**Exercise data**
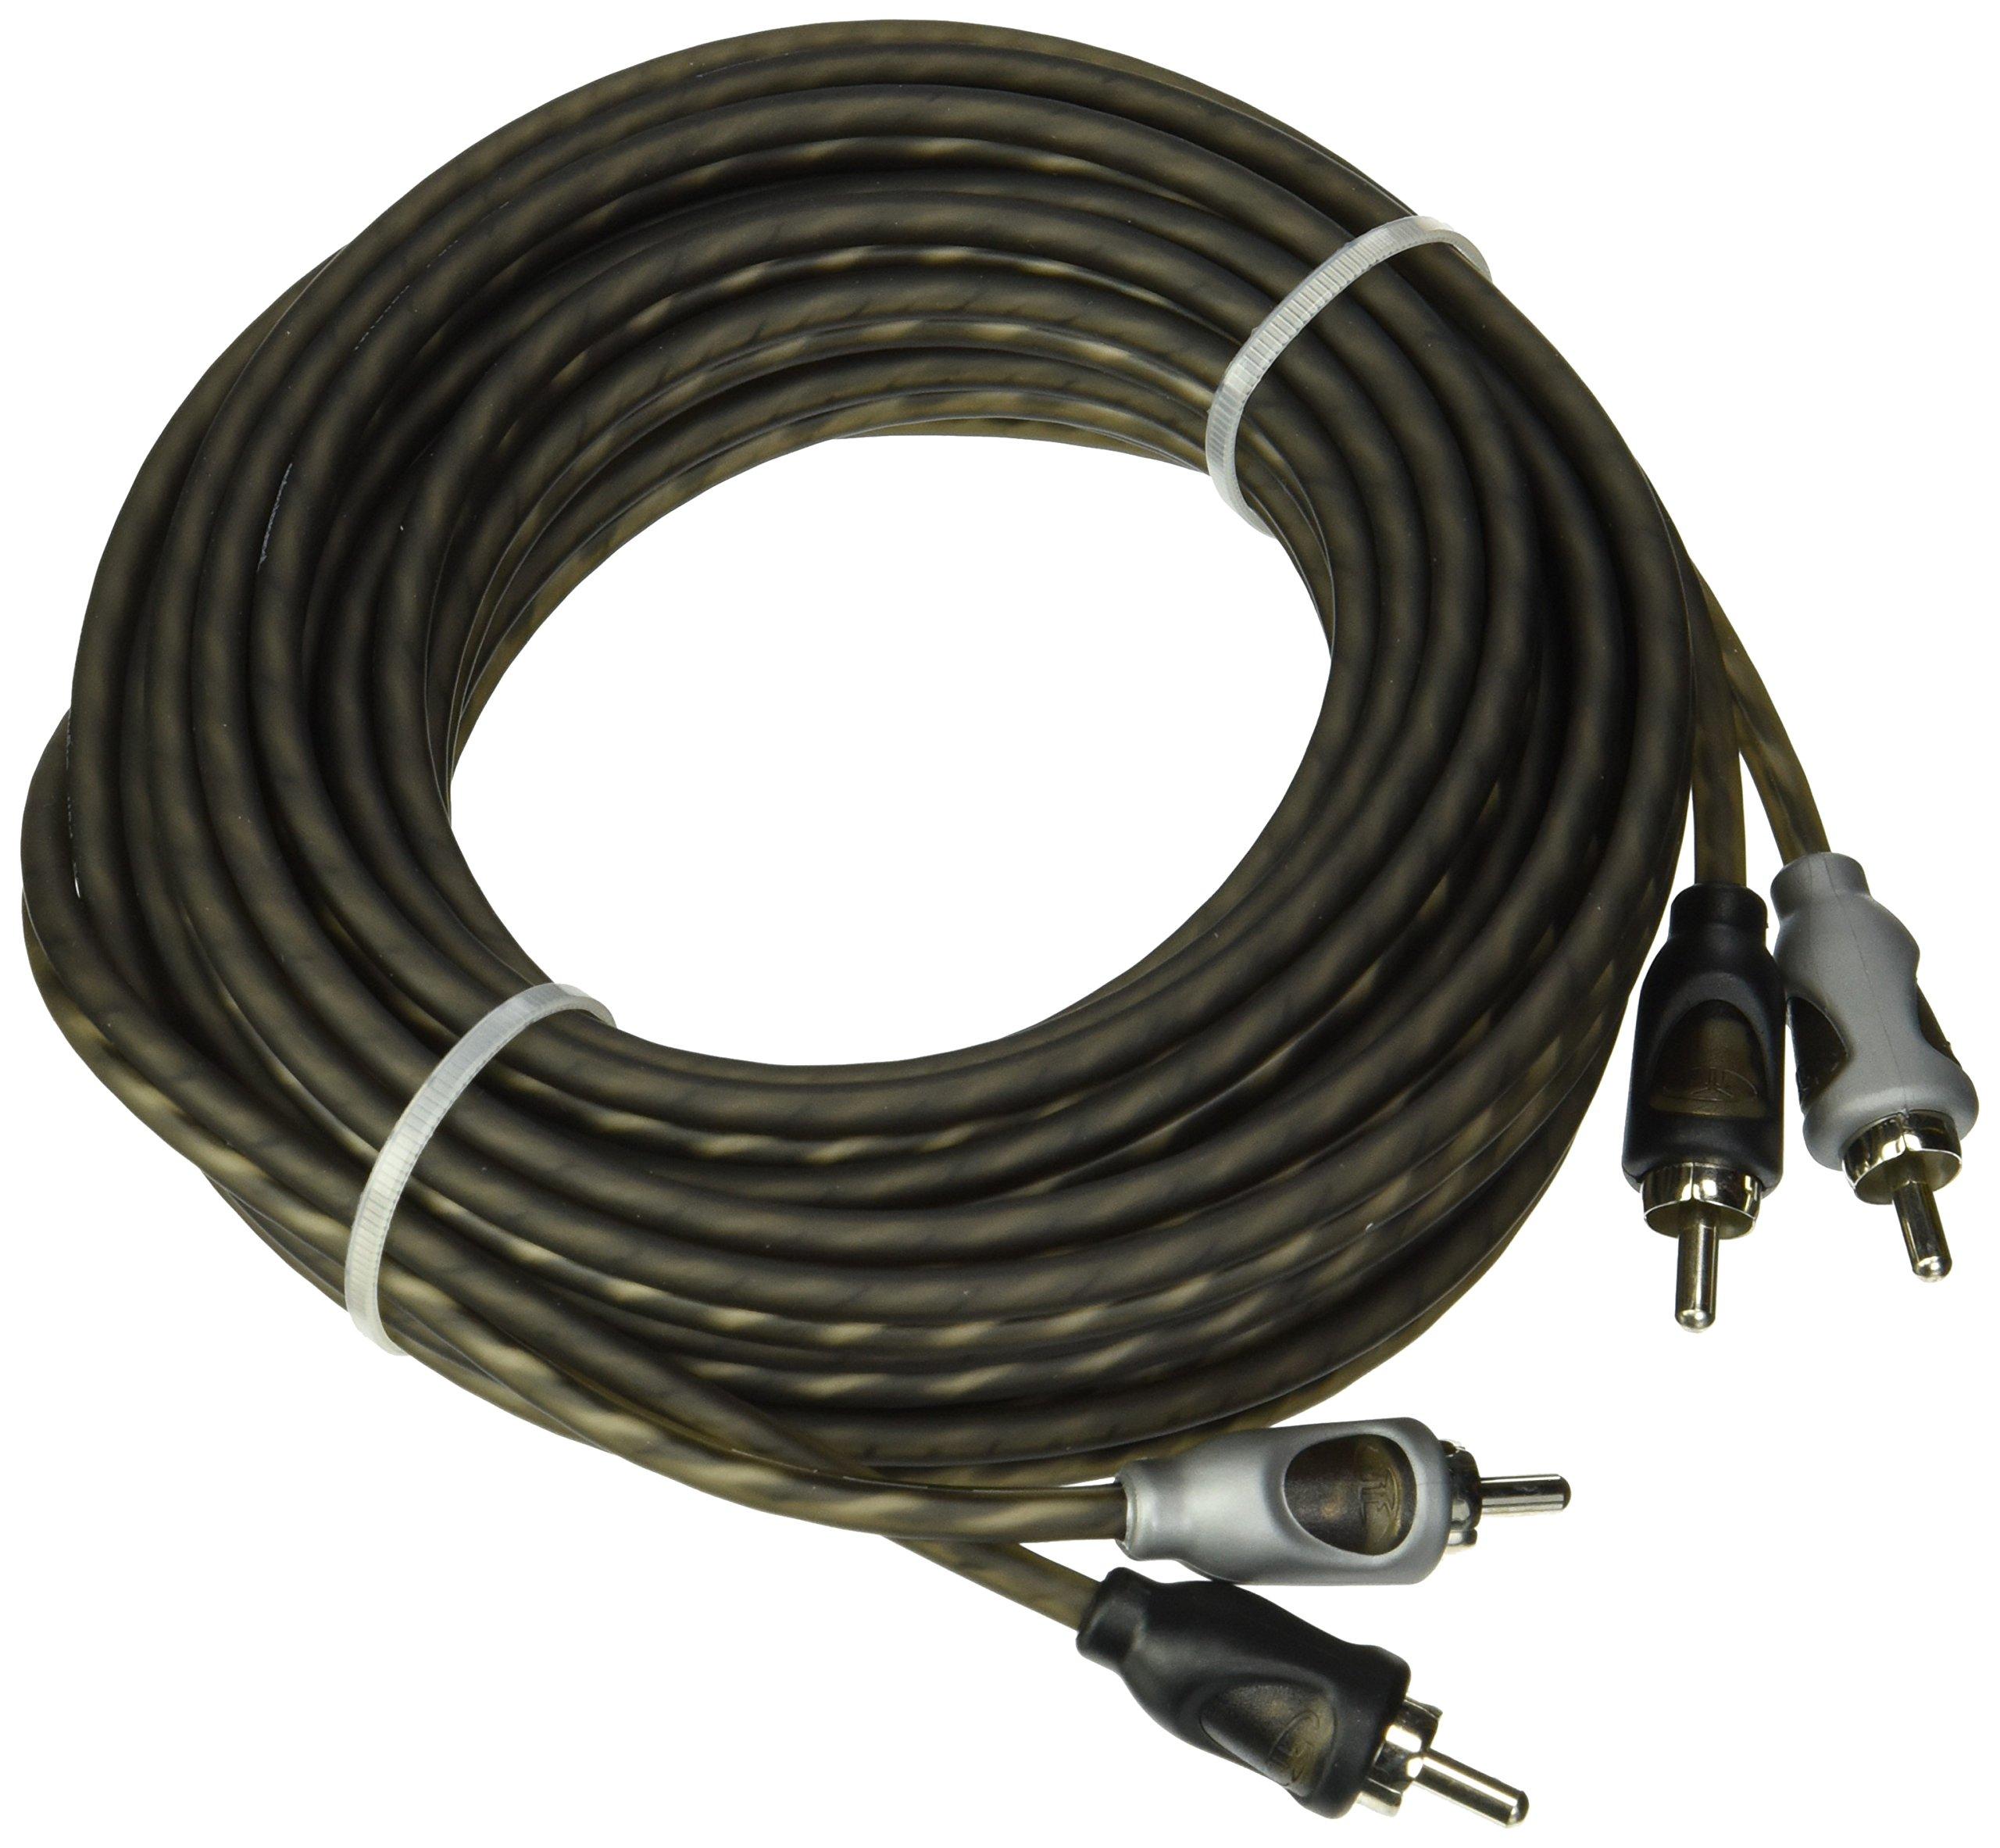 Rockford Fosgate Twisted Pair 20-Feet Signal Cable by Rockford Fosgate
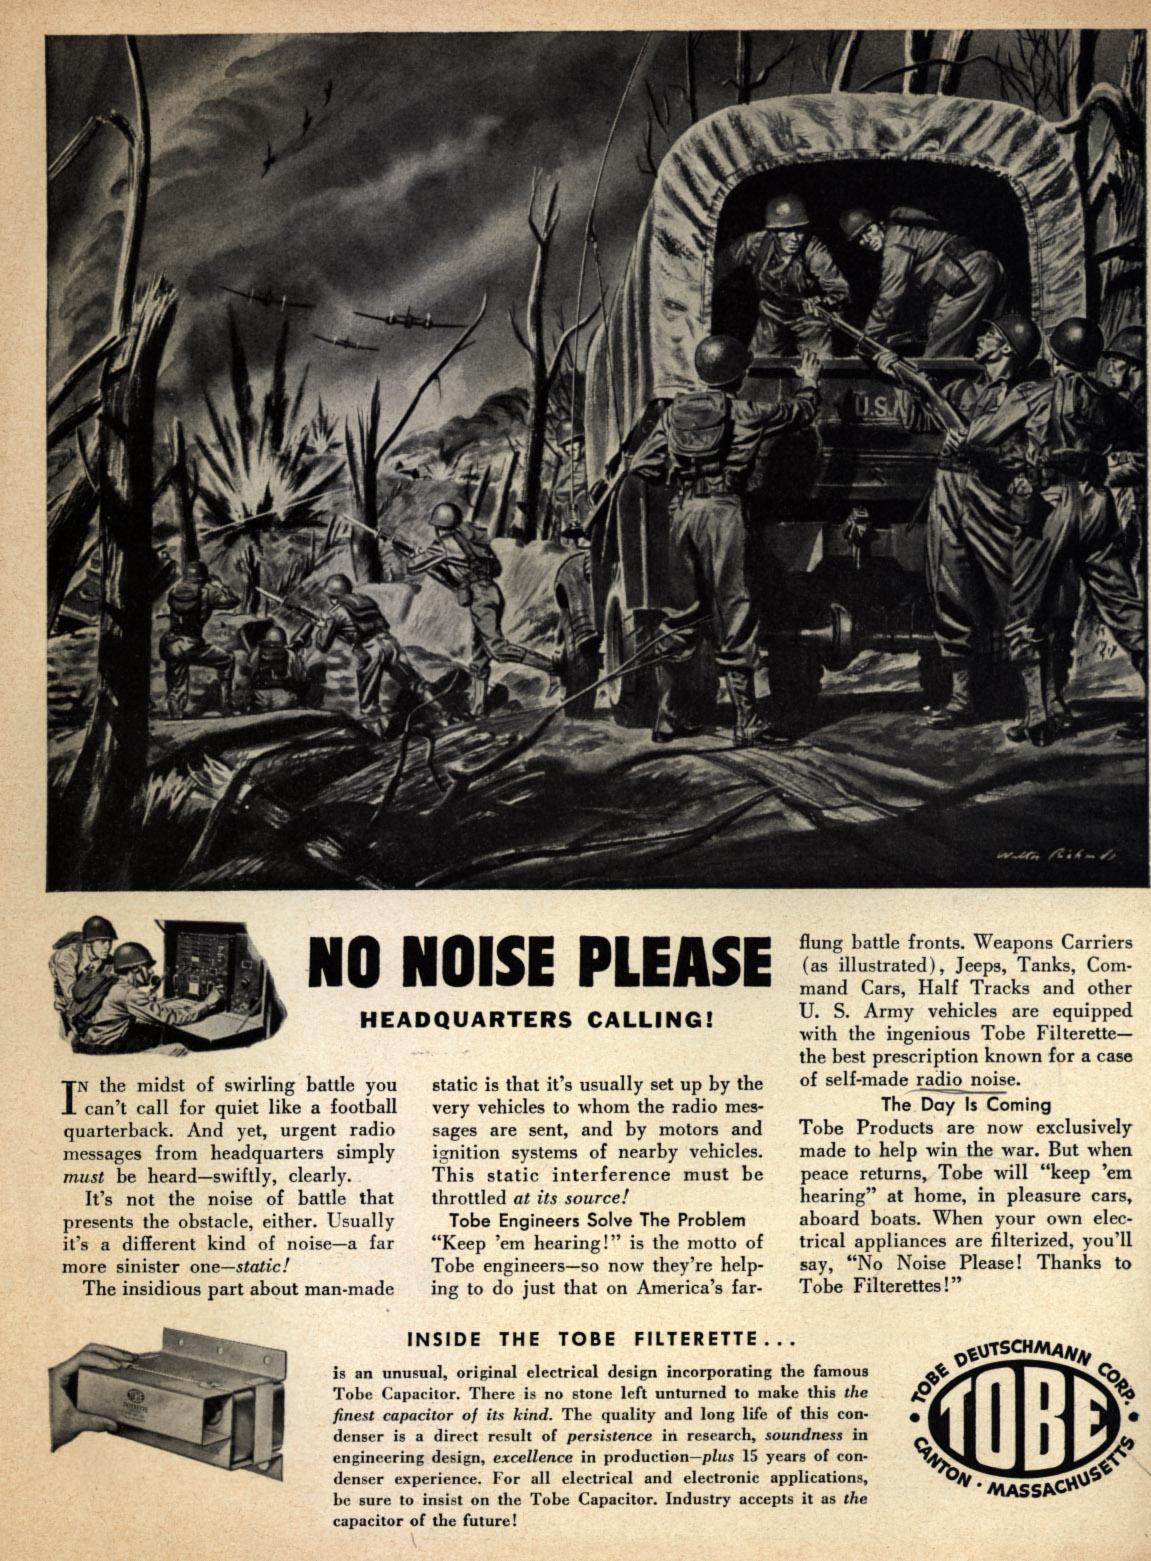 No_Noise_Please._Headquarters_Calling
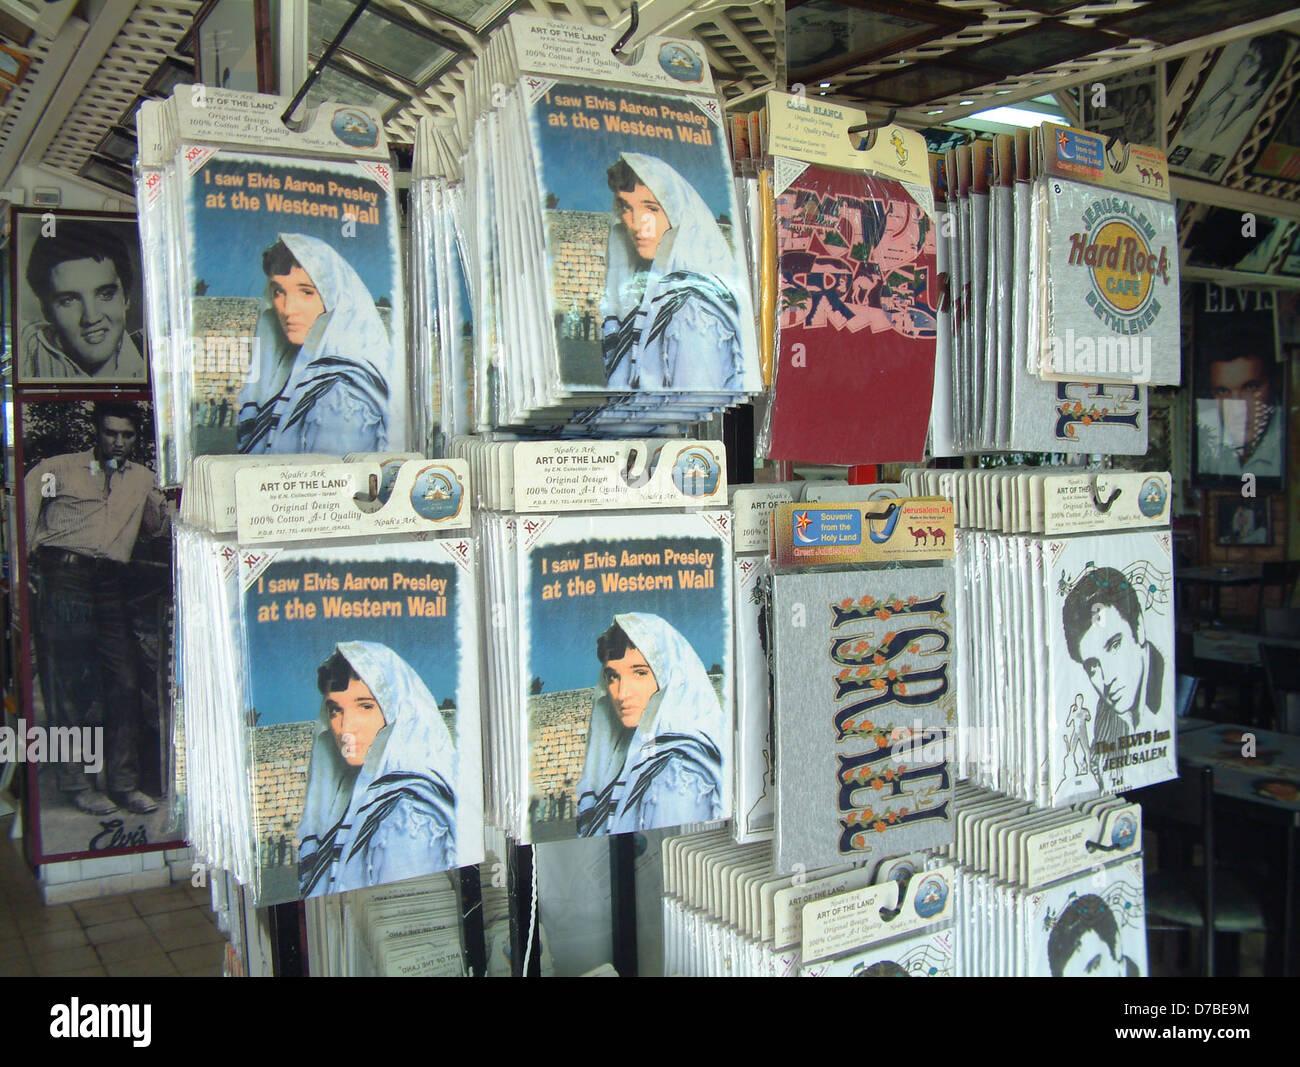 elvis presley image on jerusalem shirts - Stock Image
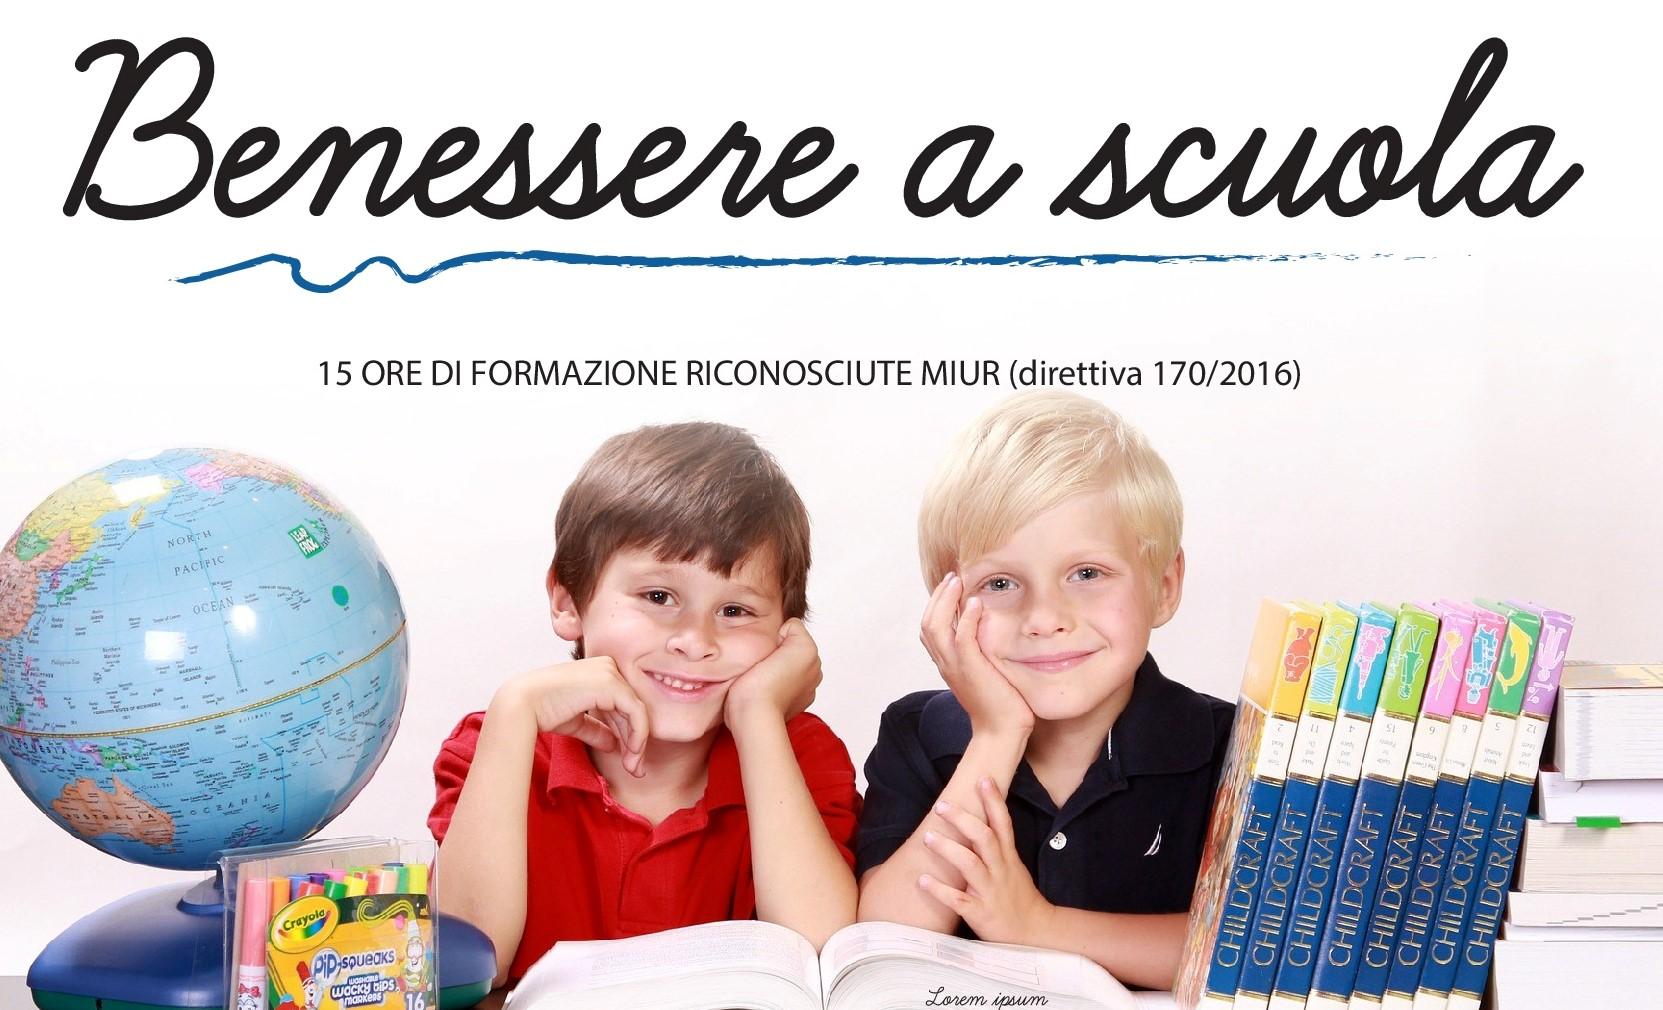 benessereascuola-001

**Your task**
Write out, with no pictures, only the lines from the line containing "elvis presley image" through the last line of the listing above, exactly and with both ends included.

**Task answer**
 elvis presley image on jerusalem shirts - Stock Image
 benessereascuola-001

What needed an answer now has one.